A Perspectiva Sócio-Histórica demonstra assim que a realidade concreta na qual a criança está inserida é de vital importância na definição de seu psiquismo e no condicionamento de seu desenvolvimento e por isso foram possíveis as colocações acima. Assim, é necessário que se ressalve nesse texto que, Vigotski, Luria e Leontiev não se detiveram apenas a escrever e estudar sobre o desenvolvimento da criança relacionando-o com a aprendizagem. Antes, o conhecimento elaborado por esses autores se mostra capaz de “explicar” qualquer fenômeno afeto ao psiquismo humano, estabelecendo ainda uma relação importante com o desenvolvimento do sistema capitalista nesse processo. Por isso, essa teoria mostra-se mais que suficiente, inclusive para possibilitar a compreensão da influência da violência doméstica no desenvolvimento e no psiquismo da criança.

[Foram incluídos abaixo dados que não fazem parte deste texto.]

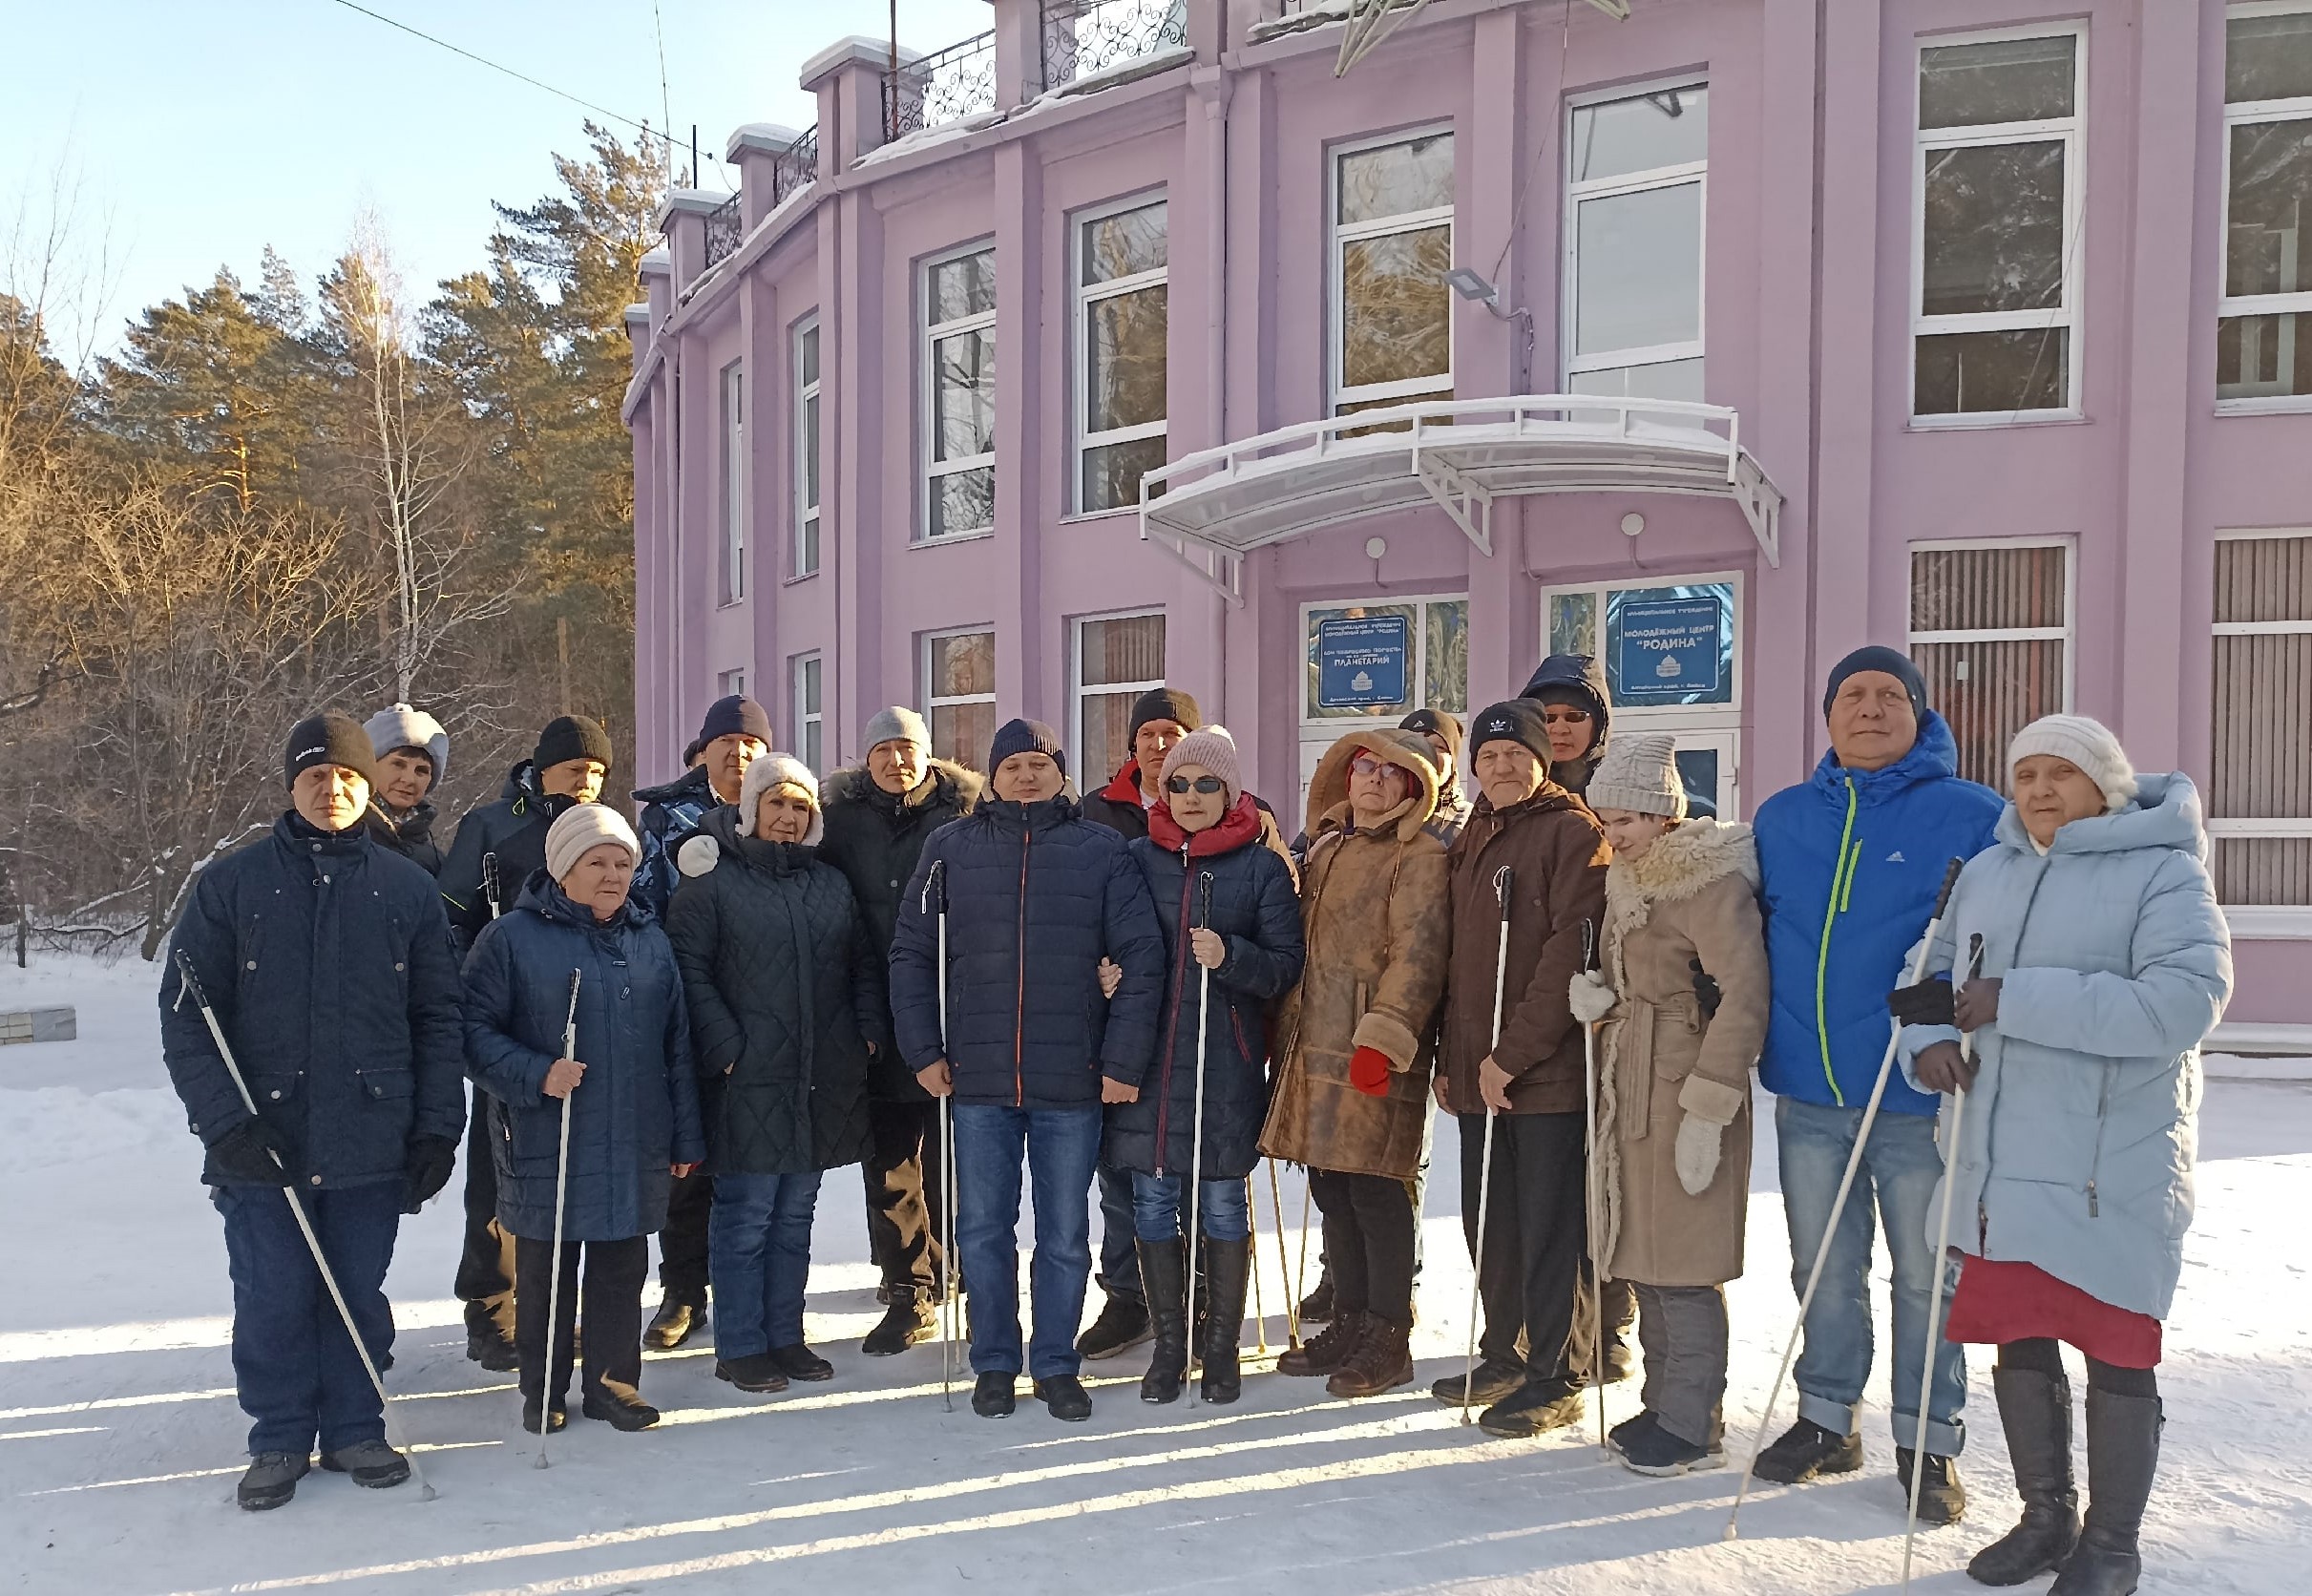 Тифлокомментарий к картинке: групповая фотография участников экскурсии в Бийский планетарий. Морозный зимний день, тепло одетые обучающиеся Бийского филиала ЦРС ВОС стоят на фоне розового здания Бийского планетария.

Nesse intento, a perspectiva crítica sobre a qual destacou-se as formulações de Engels e Martin-Baró, mostram-se também competentes a “explicar” a violência e são extensivas a violência doméstica. Dessa maneira, tornou-se possível que a violência doméstica fosse compreendida sobre uma ótica totalmente diferenciada, portadora de elementos e pressupostos particulares mas que também está relacionada a organização econômica da sociedade atual.

Entretanto, conforme salientado no início desse capítulo, esse conhecimento sobre a criança vítima de violência doméstica está em construção constante, obedecendo a ordem dialética natural na qual a sociedade se desenvolve constantemente. A partir da realização desse estudo foi possível perceber como é necessário ainda uma maior aproximação à teorias criticas de compreensão do psiquismo e do desenvolvimento humano e sobre a violência e que ainda não estão suficientemente esgotadas no meio acadêmico. Por isso, há necessidade de maior aprofundamento sobre os temas em questão.

Sobretudo deseja-se afirmar mais uma vez, que foi possível se perceber que há necessidade de um compromisso com a infância, sobretudo a vítima de violência doméstica. Nesse sentido é necessário que sempre se procure dar “voz” a esse “segmento”, que além de ser vitimizado dentro do ambiente doméstico, acaba também sendo secundarizado em outras instâncias do fazer humano.